## Manipulating Data

In [None]:
.apply
.where
.value_counts

## Manipulation Methods

Pass in a NumPy function that works on the series, or a Python function that works on a single value. args and kwds are arguments for func. Returns a series, or dataframe if func returns a series.

In [None]:
s.apply(func, convert_dtype=True,args=(), **kwds)

Pass in a boolean series/dataframe, list, or callable as cond. If the value is True, keep it, otherwise use other value. If it is a function, it takes a series and should return a boolean sequence.

In [None]:
s.where(cond, other=nan, inplace=False,axis=None, level=None, errors='raise',try_cast=False)

Pass in a list of boolean arrays for condlist. If the value is true use the corresponding value from choicelist. If multiple conditions are True, only use the first. Returns a NumPy array.

In [None]:
np.select(condlist, choicelist,default=0)

Pass in a scalar, dict, series, or dataframe for value. If it is a scalar, use that value, otherwise use the index from the old value to the new value.

In [None]:
s.fillna(value=None, method=None,axis=None, inplace=False, limit=None,downcast=None)

Perform interpolation with missing values. method may be linear, time among others.

In [None]:
s.interpolate(method='linear', axis=0,limit=None, inplace=False,limit_direction=None, limit_area=None,downcast=None, **kwargs)

Return a new series with values clipped to lower and upper.

In [None]:
s.clip(lower=None, upper=None, axis=None,inplace=False, *args, **kwargs)

Return a series with values sorted. The kind option may be 'quicksort', 'mergesort' (stable), or 'heapsort'. na_position indicates location of NaNs and may be 'first' or 'last'.

In [None]:
s.sort_values(axis=0, ascending=True,inplace=False, kind='quicksort',na_position='last', ignore_index=False,key=None)

Return a series with index sorted. The kind option may be 'quicksort', 'mergesort' (stable), or 'heapsort'. na_position indicates location of NaNs and may be 'first' or 'last'.

In [None]:
s.sort_index(axis=0, level=None,ascending=True, inplace=False,kind='quicksort', na_position='last',sort_remaining=True,ignore_index=False, key=None)

Drop duplicates. keep may be 'first', 'last', or False. (If False, it removes all values that were duplicated).

In [None]:
s.drop_duplicates(keep='first',inplace=False)
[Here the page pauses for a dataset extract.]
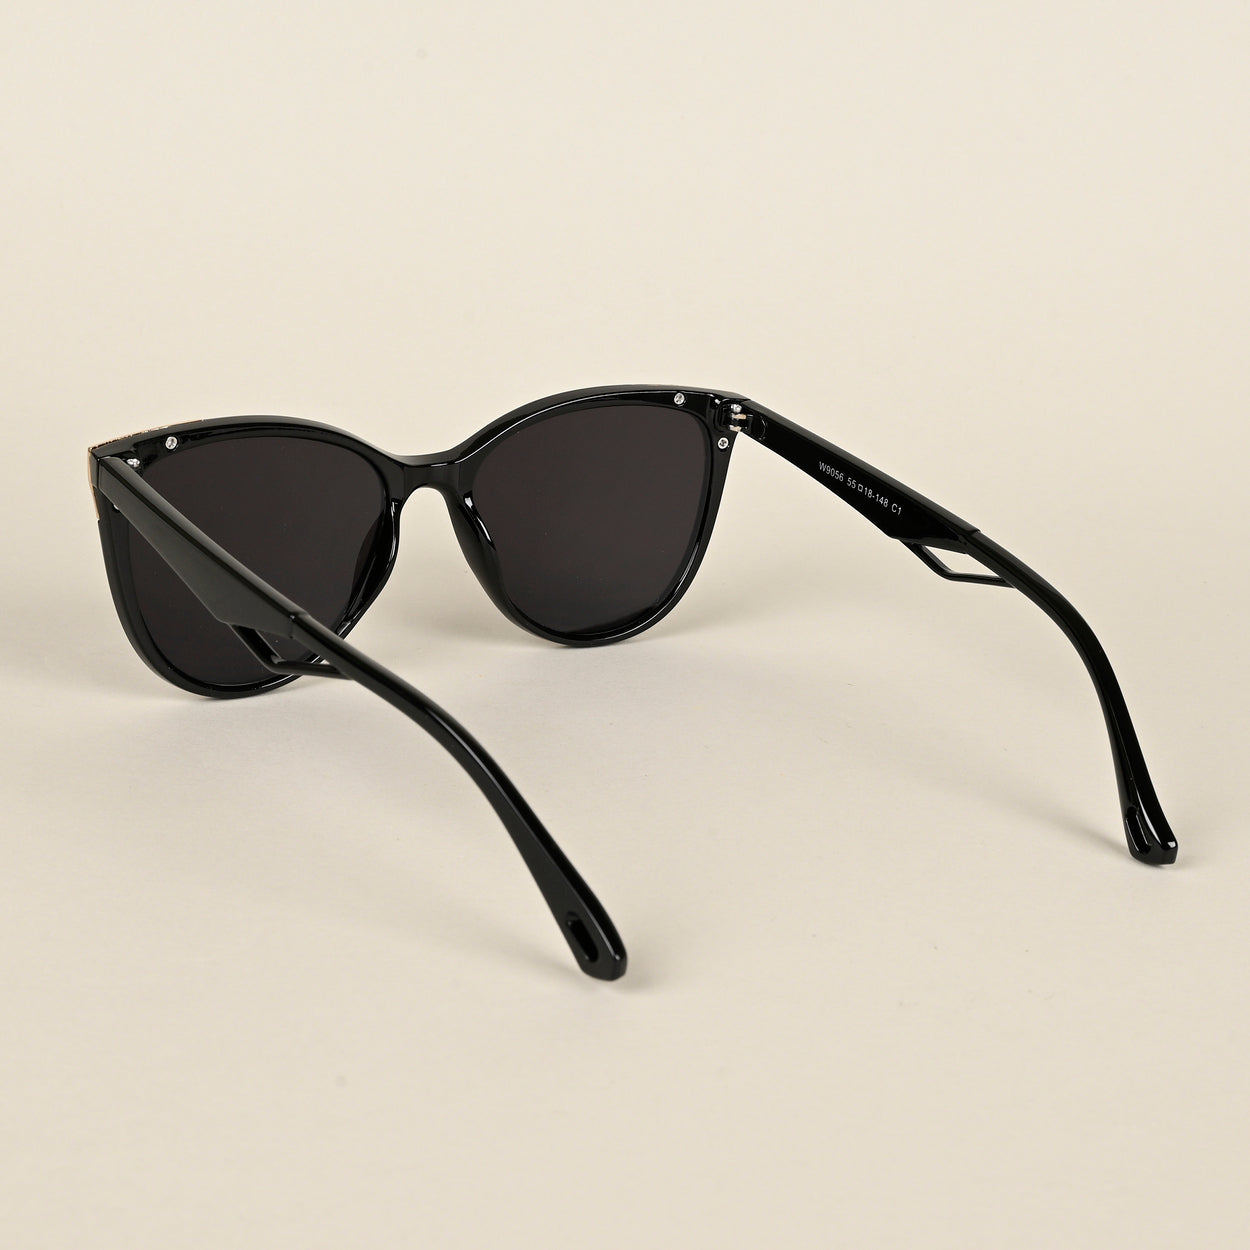 Voyage Black Cateye Sunglasses for Women (W9056MG4228)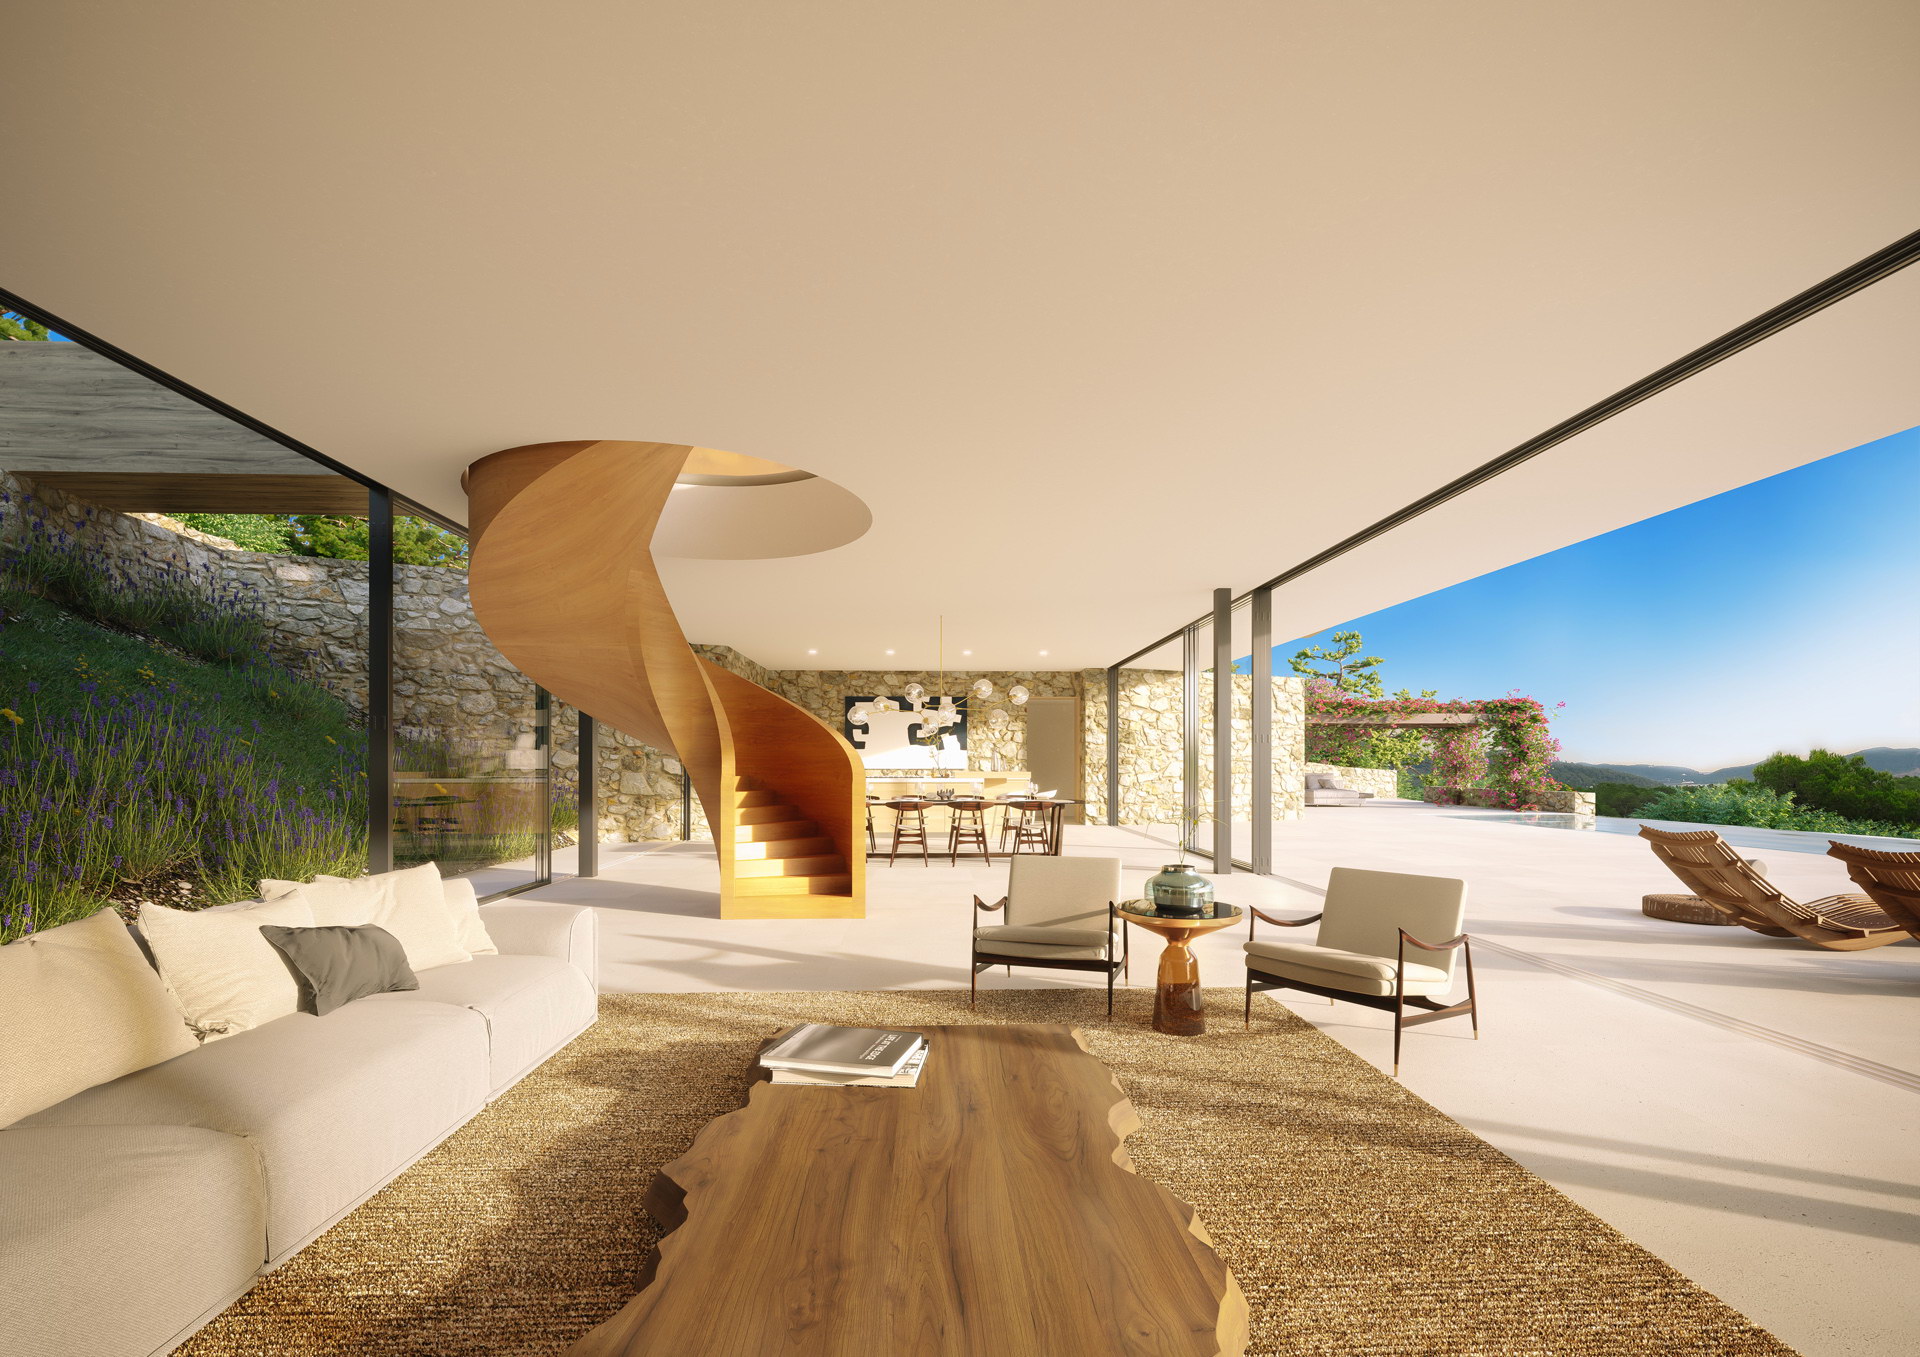 Residential Villa in Ibiza by Render Art

Return a series with numerical ranks. method allows you to specify tie handling. 'average', 'min', 'max', 'first' (uses order they appear in series), 'dense' (like 'min', but rank only increases by one after tie).na_option allows you to specify NaN handling. 'keep' (stay at NaN), 'top' (move to smallest), 'bottom' (move to largest).

In [None]:
s.rank(axis=0, method='average',numeric_only=None, na_option='keep',ascending=True, pct=False)


Return a series with new values. to_replace can be many things. If it is a string, number, or regular expression, you can replace it with a scalar value. It can also be a list of those things which requires values to be a list of the same size. Finally, it can be a dictionary mapping old values to new values.

In [None]:
s.replace(to_replace=None, value=None,inplace=False, limit=None, regex=False,method='pad')

Bin values from x (a series). If bins is an integer, use equal-width bins. If bins is a list of numbers (defining minimum and maximum positions) use those for the edges. right defines whether the right
edge is open or closed. labels allows you to specify the bin names. Out of bounds values will be missing.

In [None]:
pd.cut(x, bins, right=True, labels=None,retbins=False, precision=3,include_lowest=False,duplicates='raise', ordered=True)

Bin values from x (a series) into q equal sized bins (10 for quantiles, 4). Alternatively, can pass in a list of quantile

In [None]:
pd.qcut(x, q, labels=None, retbins=False,precision=3, duplicates='raise')

## Exerises

With a dataset of your choice:
1. Create a series from a numeric column that has the value of 'high' if it is equal to or above
the mean and 'low' if it is below the mean using .apply.
2. Create a series from a numeric column that has the value of 'high' if it is equal to or above
the mean and 'low' if it is below the mean using np.select.
3. Time the differences between the previous two solutions to see which is faster.
4. Replace the missing values of a numeric series with the median value.
5. Clip the values of a numeric series to between to 10th and 90th percentiles.
61
9. Manipulation Methods
6. Using a categorical column, replace any value that is not in the top 5 most frequent values
with 'Other'.
7. Using a categorical column, replace any value that is not in the top 10 most frequent values
with 'Other'.
8. Make a function that takes a categorical series and a number (n) and returns a replace series
that replaces any value that is not in the top n most frequent values with 'Other'.
9. Using a numeric column, bin it into 10 groups that have the same width.
10. Using a numeric column, bin it into 10 groups that have equal sized bins.